А когда она придет, пахнущая морозными свеженапиленными досками и печным дымком, от которого схватывает дыхание, я снова, как шар, направленный в лузу точной рукой, закачусь не в свою простывшую комнату, а в тот деревянный дом на окраине, где топится печка, в комнате греется широкая кровать, и молчаливая хозяйка, улыбаясь, накрывает на стол, вздрагивая, когда слишком близко у окна проскрипят чьи-то валенки. В первый раз, уходя рано утром на цыпочках с ботинками в руках, я вообще не думал, что вернусь сюда, — тем более неожиданно встретив взгляд вышедшей из соседней комнаты бледной, голенастой, в короткой ночной рубашке и все понимающей ее дочери. Но теперь, куря на корточках у малиновой печной дверцы и глядя, как дым голубой струей утекает в поддувало (печка не кашляет, приученная к папиросам моих предшественников, и мне это вовсе не противно), — теперь я думаю, что мне совсем не хочется возвращаться к своему столу, заснеженному чистой бумагой, — а снег с каждым днем все глубже, и все труднее думать, как я, отяжелевший, начну путь, проваливаясь по колено, по пояс, по грудь и оставляя не изящную птичью клинопись, но медвежий развал. Хочется мне, разморенному теплом, остаться здесь на вечное поселение, быть учителем в местной школе, а вьюжными вечерами помогать дочери делать уроки, подшивать прохудившиеся валенки, курить у печки, в которой сгорают наколотые мною дрова, — и думать о лете, о том, как буду искать в окрестной тайге большой черный камень (не надрываться же нежной женщине с доставкой), который по истечении полувека и увенчает мое существование здесь…
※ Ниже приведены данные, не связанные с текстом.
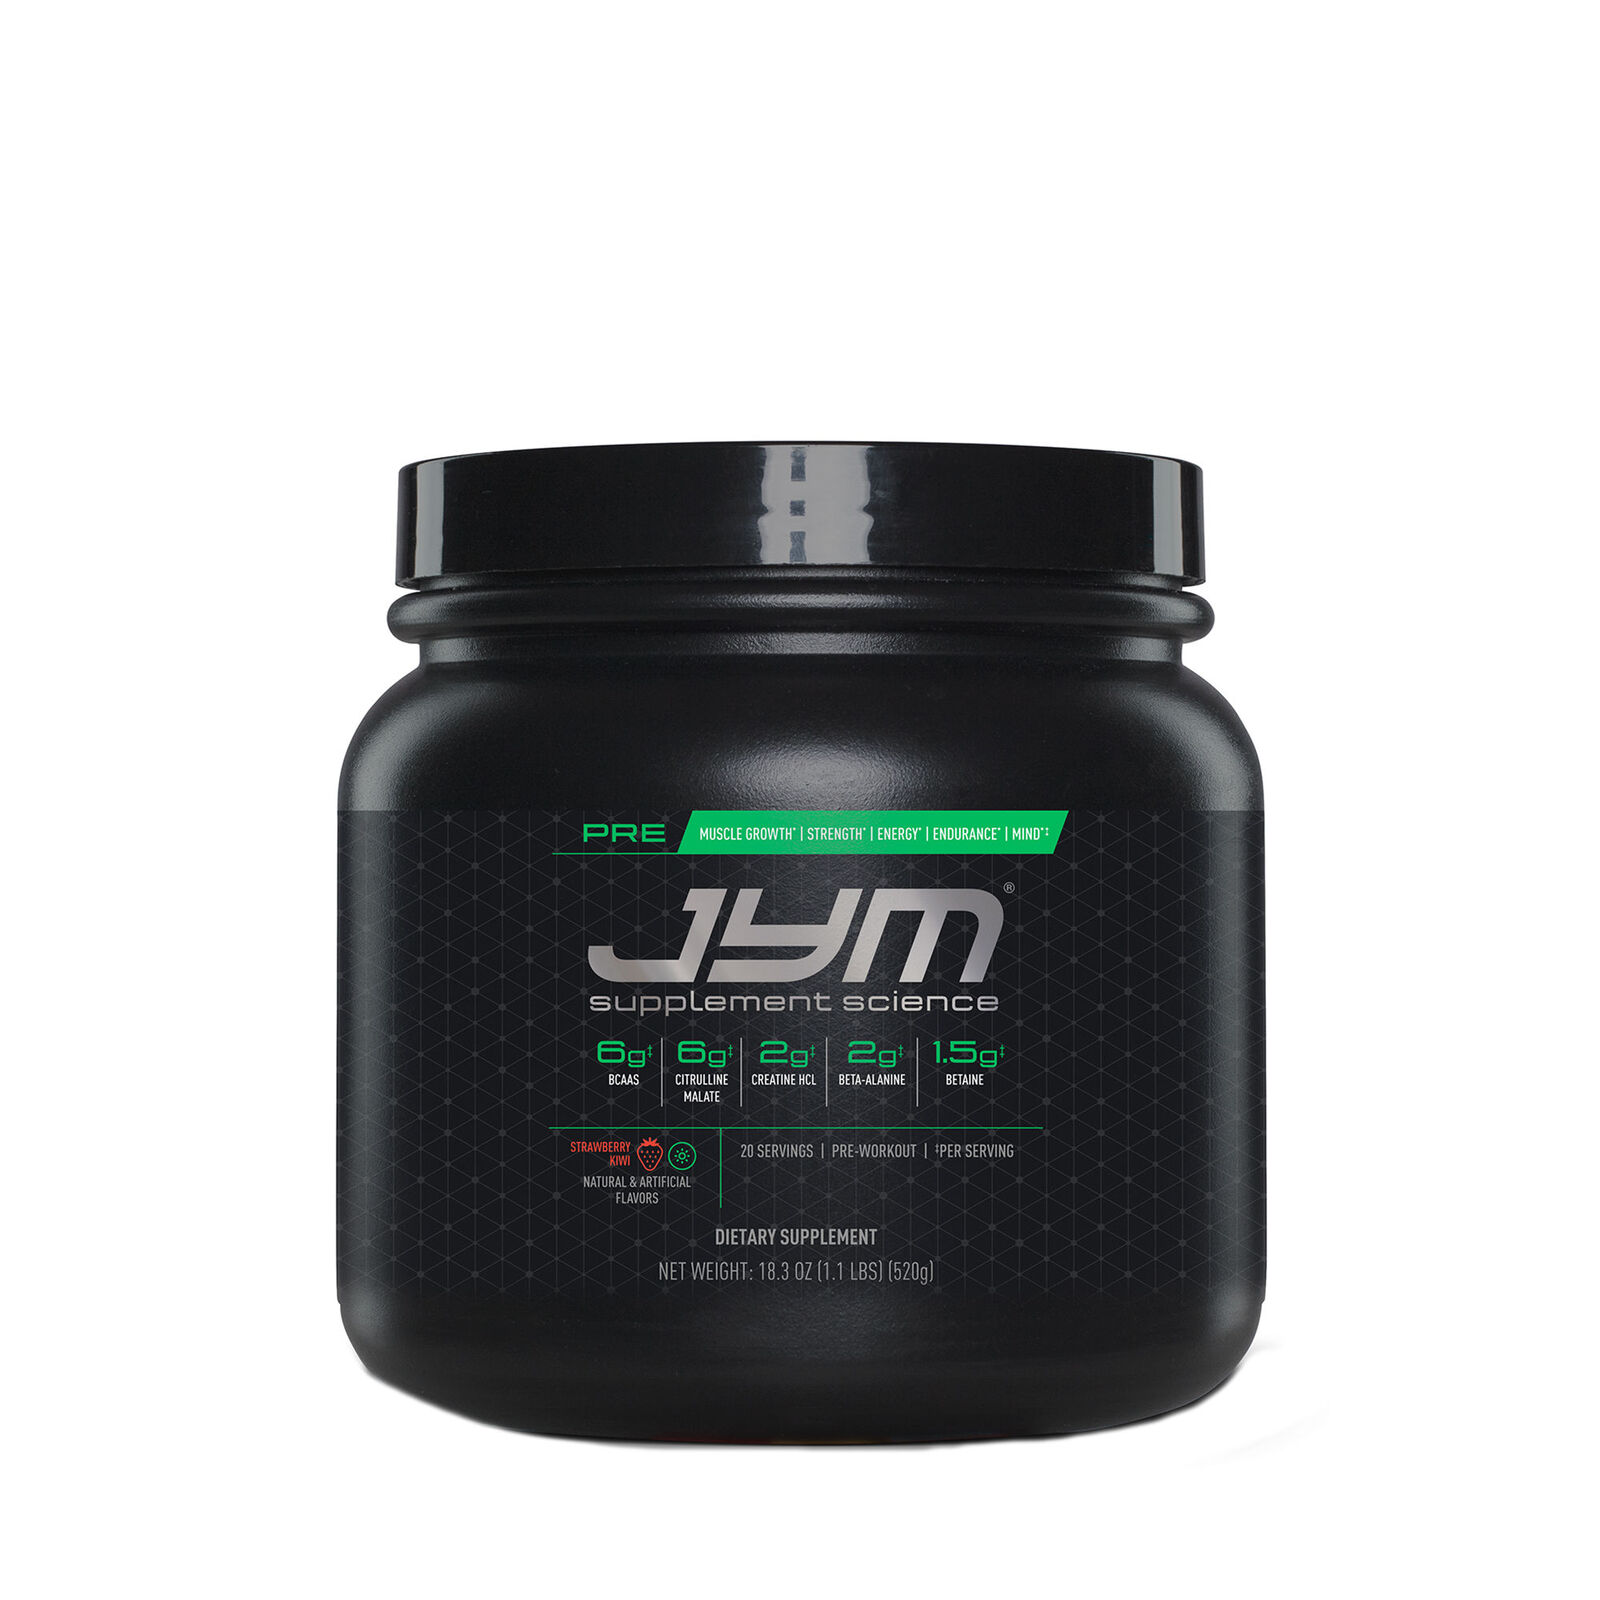  Pro Jym Pre Workout with Comfort Workout Clothes

Но в разгар зимы вдруг случится странный сбой. Вынужденно прервав свои никому не слышные гаммы, я всего на день покину свое теплое снежное логово и перелечу немного южнее, ближе к большой реке, другой берег которой уже не мой, — он узкоглаз, улыбчив, и ему нельзя доверять. Здесь нет тайги, здесь мелколесье и степь, — ветра выдувают снег, и февральские дороги дымятся холодной пылью, а рыжая высокая, по грудь, трава сухо шуршит, — и, пробираясь в сумерках по мерзлым кочкам среди ломких стеблей и осыпающихся метелок, растирая пальцами и нюхая желтую пыль давно погибшей осени, я снимаю жаркую меховую куртку, глотаю поднимающийся к ночи ветер, и хочется кричать от тоскливой радости зимнего зверя, вернувшегося на забытую родину и никого из прежних не нашедшего, кроме их смятых и уже заиндевевших лежбищ в этой траве… А рядом темными силуэтами через поле к теплу движутся те, кто вместе со мной завершил этот день, — они подсвечивают фонариками небо, они переговариваются и смеются, и я, такой же темный и равный в этой темноте, отвечаю им и смеюсь, не выдавая своей отдельности, своей уже понятной мне тревоги. Так ничего и не исполнивший из обещанного, ничего не отработавший, — но потерявший право на общие воспоминания с теми, кто уже совсем в других краях, теперь я знаю, что вернусь в снега только затем, чтобы, дождавшись весны, выйти ранним утром из дома, вдохнуть полной грудью запах талых помоек и, завернув за три угла времени, снова оказаться в моей осенней комнате. Здесь уже посветлело окно, и кто-то спит за столом, грея щекой исписанный лист. Вставай, наблюдатель, — нам пора…
Этот рассказ — начало истории «Парадоксы войны» из «Бортжурнала» и пример недосказанности «Избранного».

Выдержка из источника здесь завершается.